Metadata format: metadata is not a plain mapping of strings

8day · November 23, 2020, 2:27pm

Almost all build backends assume metadata to be a plain mapping of strings (distutils, setuptools, flit, poetry, etc.), when in reality RFC822 is much more complex. E.g., values in fields like Description can’t contain EOLs, but in reality they do, “email” body must contain only ASCII chars, but in reality there can be UTF-8 chars (missed bug after the switch from Python 2 to Python 3?), etc.

Even if you will use email to serialize supposedly RFC822-compliant metadata (actually, compliant with the latest standard, which seems to be RFC2822), so that str(email.message.Message) or str(email.message.EmailMessage) produced only ASCII characters with non-ASCII strings encoded in quoted-printable or base64, things won’t go as smooth as you’d expect:

Message encodes non-ASCII header values in base64.
Message.set_payload(string) passes content as is.
Message.set_payload(string, charset="utf-8") encodes content in base64.
EmailMessage passes non-ASCII header values as is.
EmailMessage.set_payload(string) passes content as is.
EmailMessage.set_payload(string, charset="utf-8") encodes content in base64.
EmailMessage.set_content(string) encodes content in quoted-printable.
EmailMessage.set_content(string, charset="utf-8") encodes content in quoted-printable.

The only valid solution seems to be Message.set_payload(string, charset="utf-8"), but Message.add_header() accepts multiline strings w/o raising exception, keeping user ignorant of invalid input (against The Zen of Python). To make Message raise exceptions it must be created with special policy Message(policy = email.policy.strict). But that’s not all: to read decoded content you must call Message.get_content(decode = True).

While described issues may be fixed, it’s likely that there are much more. One example is that standard defines that only CRLF was used for EOLs, but people mention that some software doesn’t work with CRLF, but the one that works with CRLF also works with LF (well, these are email clients, so it may be not valid in case of Python’s metadata). Another example is that header values may contain parameters, and after parsing they become part of a value (Summary: Title; charset="utf-8"). With a wider acceptance of custom build backends, esp. in-tree build backends, there’s bound to be more software that generates invalid metadata due to underestimation of complexity of RFC822: if such a sizable package manager like poetry generates metadata from formatable strings, a project with lots of people working on it, there are likely to be many more packages with invalid metadata.

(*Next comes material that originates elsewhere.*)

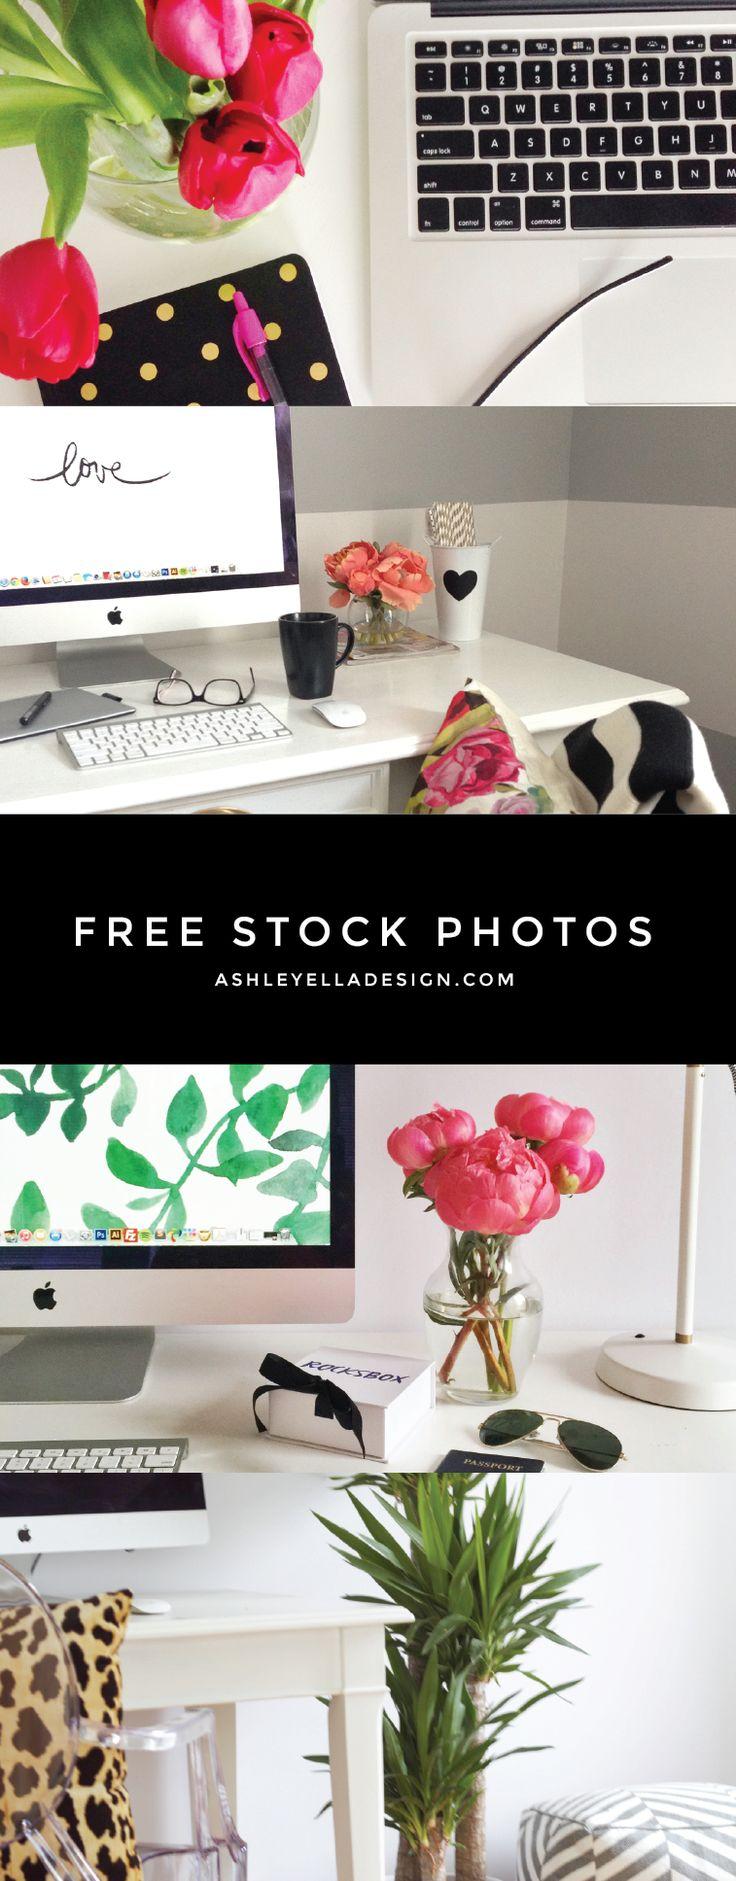 Free Stock Photos from Ashley Ella Design

Ideally, it’d be best to switch to a completely new format because in 2020, when adoption of Unicode/UTF-8 continues to rise, even Python itself may switch to UTF-8-only mode, it’s weird when such a noob-friendly programming language like Python uses such complicated (not just complex) and error-prone format just to pass a mapping of strings… But since there’s little hope, the next best solution is this:

write dedicated PEP as the only way to inform all interested parties about how broken current RFC822-based IO logic is, which will hopefully result in use of proper tooling.
leave things as is for affected distros/package managers and introduce metadata v3.0 based on existing format (major version bump is needed to reflect significance of changes).
provide working example of a valid metadata IO in related PEP(s), or better yet – add dedicated package/logic to stdlib/packaging/whatnot.
apart from dedicated logic for metadata IO, there probably should be some logic to verify sdists and wheels, like auditwheel, but cross-platform and probably w/o checking dependencies of platlib binaries to make implementation simpler (maybe as part of packaging, or complementary to it?).

In case you have second thoughts about existing format, most likely TOML will make most sense as a new format from consistency POV, even though more limiting in comparison to JSON (e.g., homogeneous arrays, but supporting more native Python types out of the box). Though if metadata will be switched to TOML, it will make sense for PEP 621 to use same names of fields in pyproject.toml as defined in core metadata, and possibly switch names to either lowercase-hyphen or snake-case names, which in its own stead may trigger desire to provide PEP with modernised aliases for core metadata…

westurner · November 23, 2020, 2:55pm

CodeMeta covers many of the Python package metadata fields. The codemeta schema defines datatypes.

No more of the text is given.